Thursday, March 10, 2011

ash wednesday .

Today is Ash Wednesday, the day after Mardi Gras, or fat Tuesday, and for those of you who are not Catholic, this is what begins the season of Lent. Despite the fact that Lent is only officially a part of Catholicism (to my knowledge anyways) it is widely celebrated as people across the country give up things, fasting and making sacrifices.


As I sat in mass today, the service to get ashes from the palms taken on Palm Sunday of the previous year, Father Jack made some really good points. He first brought up how everyone asks "what are you giving up for Lent?" and how he hates that.

The readings today had to do with how when you pray, it should not only be on the stage of life, in public, where you are in a sense, "showing off" your devotion and prayer. Prayer is a special thing to be celebrated. In the same sense, you should not make public or obvious your fasting for the season of Lent. It's a personal thing; carry on life as usual. Originally, I was going to talk about what I was giving up for Lent and why in this post, and Father Jack's homily actually discouraged me from that. I really see where he's coming from, and while it's nice to discuss things that you might give up, it really is a personal matter.

The second thing is that the whole point is not as simple as just giving something up. When I was younger, that's literally all it meant to me -- my mom would make me choose something that I liked to do (like eating dessert, or playing on the computer back when video game systems weren't really all that popular) and I had to give it up for Lent. I remember one year when my sister gave up playing on the computer for Lent and she would sit in front of a blank screen, wishing she could play.

Granted, this is hard, but Father Jack emphasized that the point of Lent is not to make us miserable. Going along with this, what's the point of fasting from something if as soon as Easter Sunday comes you are right back to what you were originally doing? What I've learned over time is that Lent is not just about giving things up -- it's about being proactive about bettering yourself as a person. Maybe the thing that you "give up" is a grudge that you're holding against a friend. Maybe you take the first step to rekindle an old friendship that fell apart a long time ago, or help out a person that you normally would judge to the extreme and stay away from. Even more importantly, Lent is the excuse to kickstart these things.... but I think that the whole point is to actually continue them once Lent is over!

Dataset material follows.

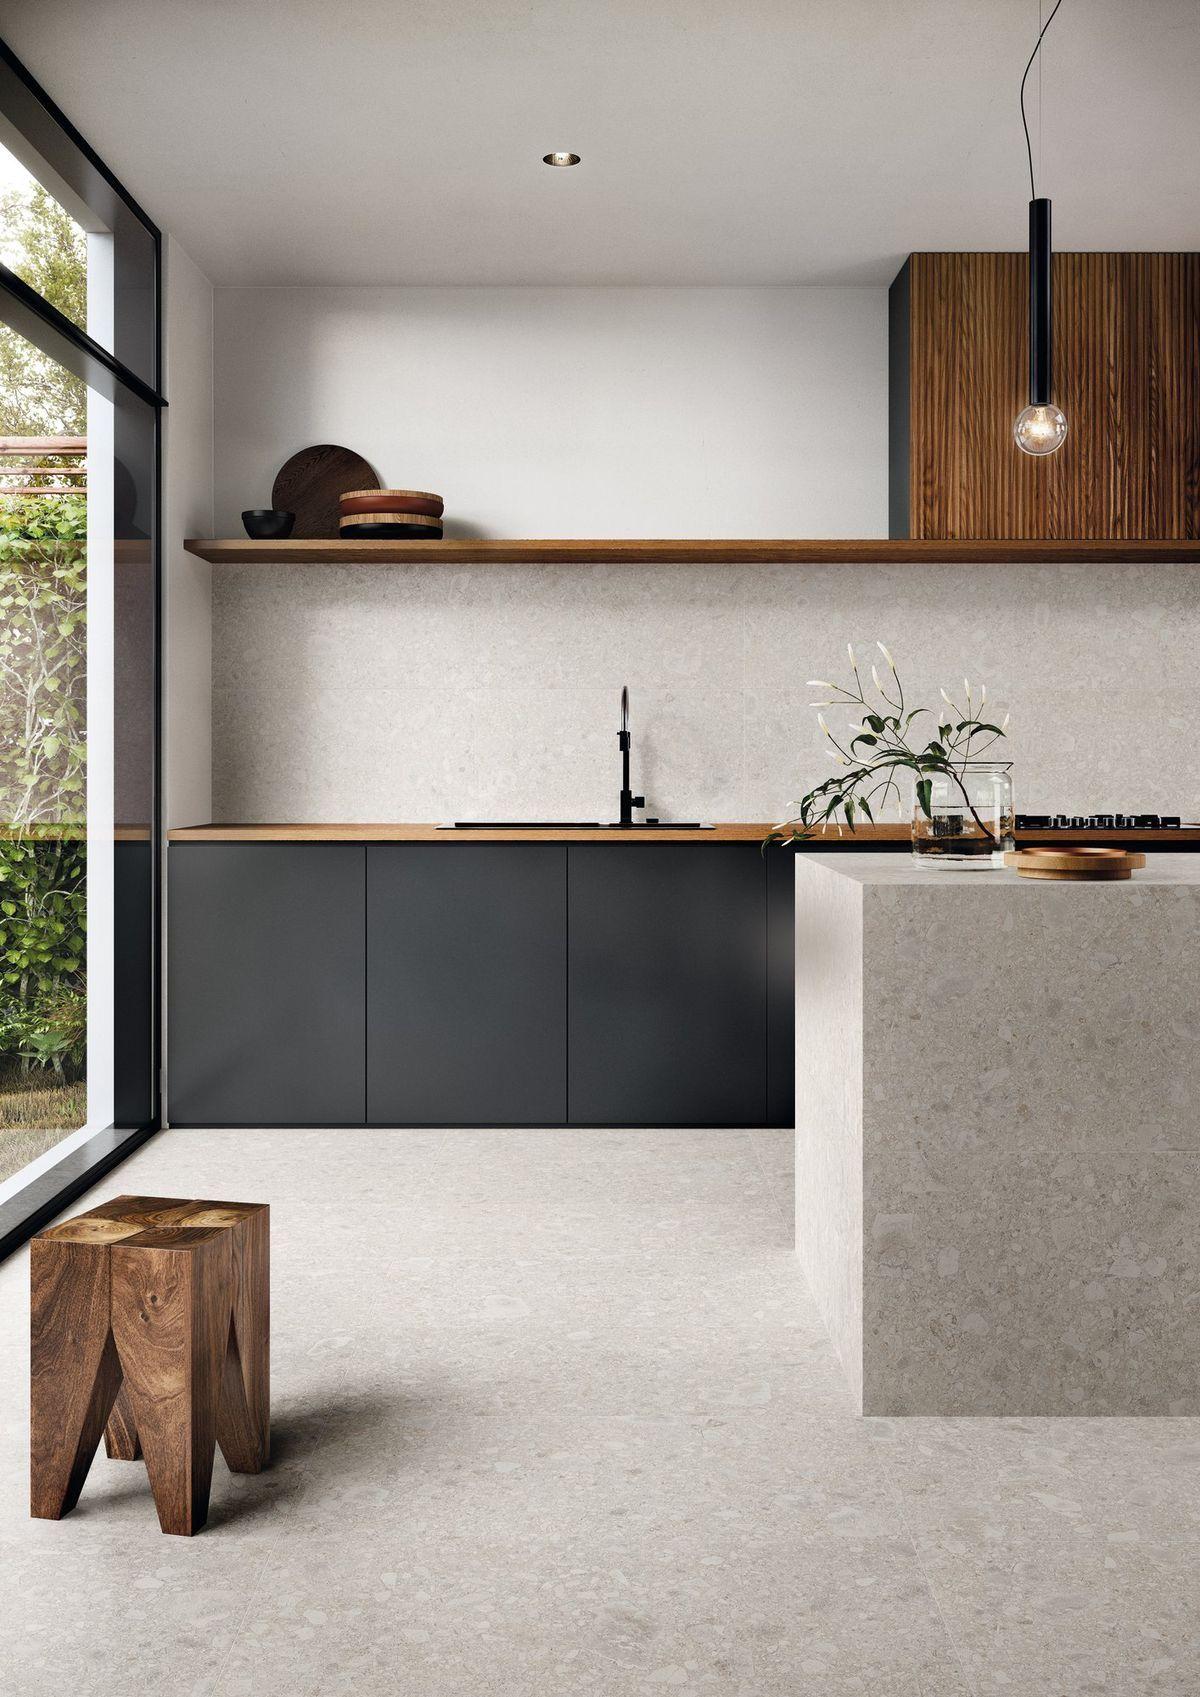 Pin By Helene Van Meir On Interieur In 2019 Minimal Kitchen Design Minimal Kitchen Kitchen Interior

A functional analogy could be presented as such: There's no point in going on a diet for a month if at the end of the month you are immediately going to binge and gorge yourself full of sweets and fatty snacks. The whole point of the diet is to help you to form better eating habits, to become more healthy, and to learn about the nutrition that it takes in order for you to stay fit and healthy.

And thus my goal for this Lenten season is to not just give some things up that maybe are difficult for me to live without (ie, desserts or a "thing" like that) but to give up something that begins to better myself as a person, and when the season of Lent draws to an end, to continue those practices.

No one is perfect, and it would be impossible for anyone to expect you to be. But the season of Lent provides the motivation to start on the betterment of yourself, both for your own personal benefit and that of those around you. Can you imagine a world where every single person worked daily to maybe forgive a bit more? Or love a bit more? Or perhaps be more patient or understanding? It's clearly a slow process -- and while it may come quickly for others, changing myself is difficult. I fall into habits of my own, just like everyone else. And some are harder to break than others.

For the first time in my life, I really want this Lenten season to mean something other than just giving something up. In addition, I want to fill the voids left by my sacrifices with things that are good for me! Perhaps I use extra time from something else to pray more, to speak with God more, and to do more good in my community. Lent is not a miserable sacrifice, and while it's good sometimes to take a step back and look at ourselves from outside the picture frame and sort of assess what we can do to grow spiritually, it also helps to add something into our lives to complement that.

So for the next six weeks, I'll continue my devotion in private, and chat personally as much as I can. Consider this a promise to you, and to myself, that by the time Easter Sunday rolls around, I'm going to be a better person. And I'm excited for the time with which I have to get there.

Lyric of the Day:
"And though this winter does nothing but storm, The joy in my heart is ablaze and it's keeping me warm, It's keeping me warm, it's keeping me warm"

1 comment:

  1. this is a wonderful perspective... thanks so much.